Things I liked about the film:

Roger’s portrayal of Sherlock Holmes: While I haven’t seen any of Roger Moore’s films from the James Bond franchise, I have seen his performance in the 2011 Hallmark Channel movie, A Princess for Christmas. From what I remember, Roger carried his character, Edward Duke of Castlebury, with class and dignity. These same qualities were present in his portrayal of Sherlock Holmes. During Sherlock Holmes in New York, I could see some James Bond-esque qualities in the titular character. Roger’s ability to be suave as well as calm under pressure are just two examples. At certain moments in the story, Sherlock interacts with a woman named Irene Adler. Because there is history between these characters, Sherlock and Irene’s interactions contain a romantic flair. This is where the suaveness comes in, as Roger uses this to emphasize his on-screen chemistry with Charlotte Rampling. At the very beginning of the film, Sherlock faces off against Professor Moriarty. In this scene, Moriarty tries to hurt Sherlock at every chance he gets. But Sherlock never cracks under pressure. Instead, he consistently keeps his composure.

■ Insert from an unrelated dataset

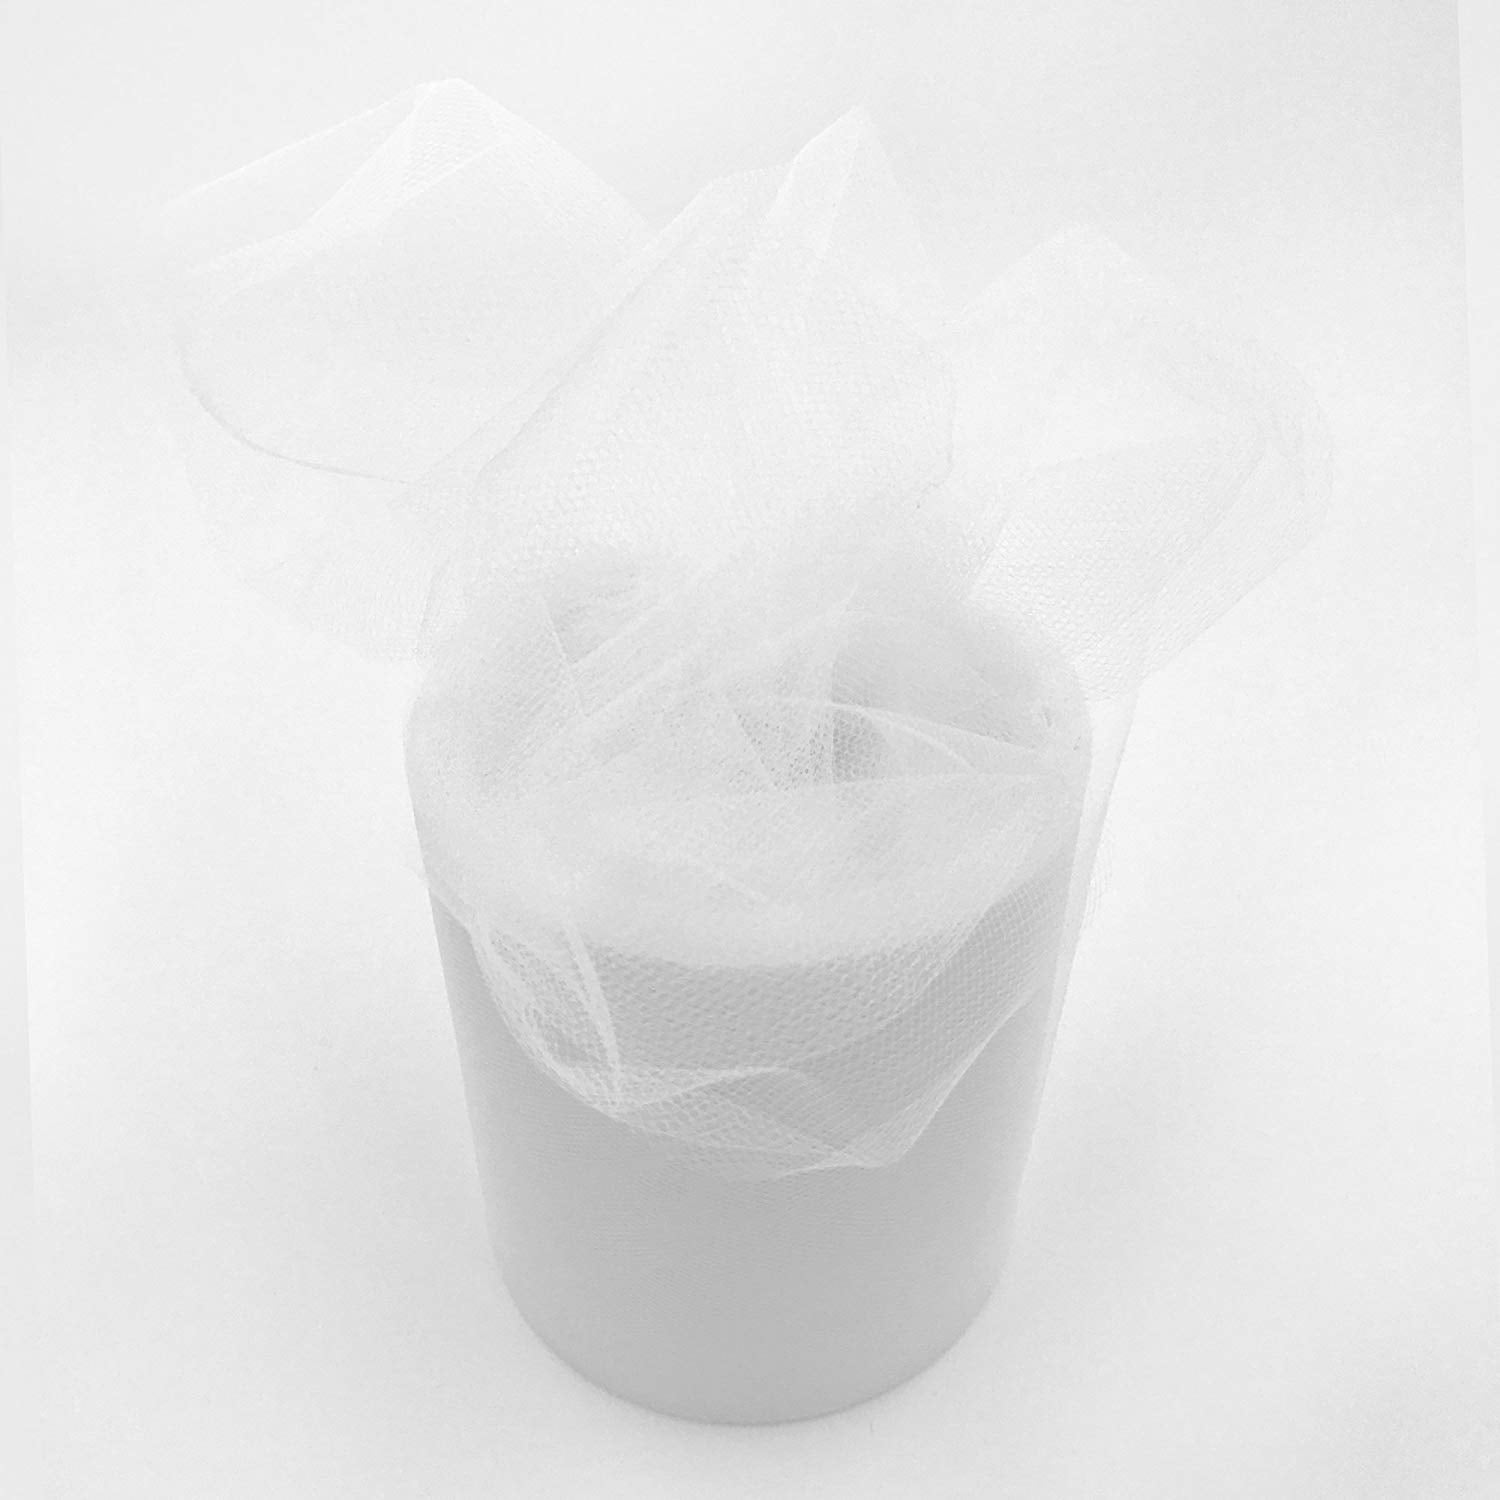 600ft Tulle Ribbon Tulle Fabric Table Skirt Wedding Decorations Gift Wrapping White Tulle Roll 6Inchx200Yards

The historical accuracy: Recently, I reviewed the movie, Let Him Go. In that review, I talked about how the set design appeared to come from the ‘50s, despite the story taking place in the ‘60s. This caused the film’s time period to be unclear. Sherlock Holmes in New York takes place in March of 1901. Unlike Let Him Go, everything in the 1976 movie looked and felt like the 1900s! The costume design appeared historically accurate, with Sherlock Holmes’ outdoor wear serving as one example. Toward the beginning and end of the film, Sherlock sported the iconic plaid short cape and cap. But in New York, he wore a longer black cape and top hat. The historical accuracy was so on point, even the posters in The Empire State looked like it came from 1901. The font and basic design of these posters were just one detail that helped this movie’s creative team achieve the aesthetic they wanted for their project!

The presentation of New York City: When a movie or television show takes place in a beloved location, that place can be presented in two ways: an over-glamourized empire or a disgusting landscape covered by a glittering mask. With Sherlock Holmes in New York, the titular city was given to the audience “as is”. Even though the more polished areas of this destination could be seen, that was not the “end all, be all” in the story. In a handful of scenes, Sherlock Holmes explores the performance community of New York. He even goes undercover as a stage performer. The Big Apple is known for being one of the world’s entertainment hot-spots. While that part of this location was not emphasized, it did show some of the different components of one of America’s largest cities.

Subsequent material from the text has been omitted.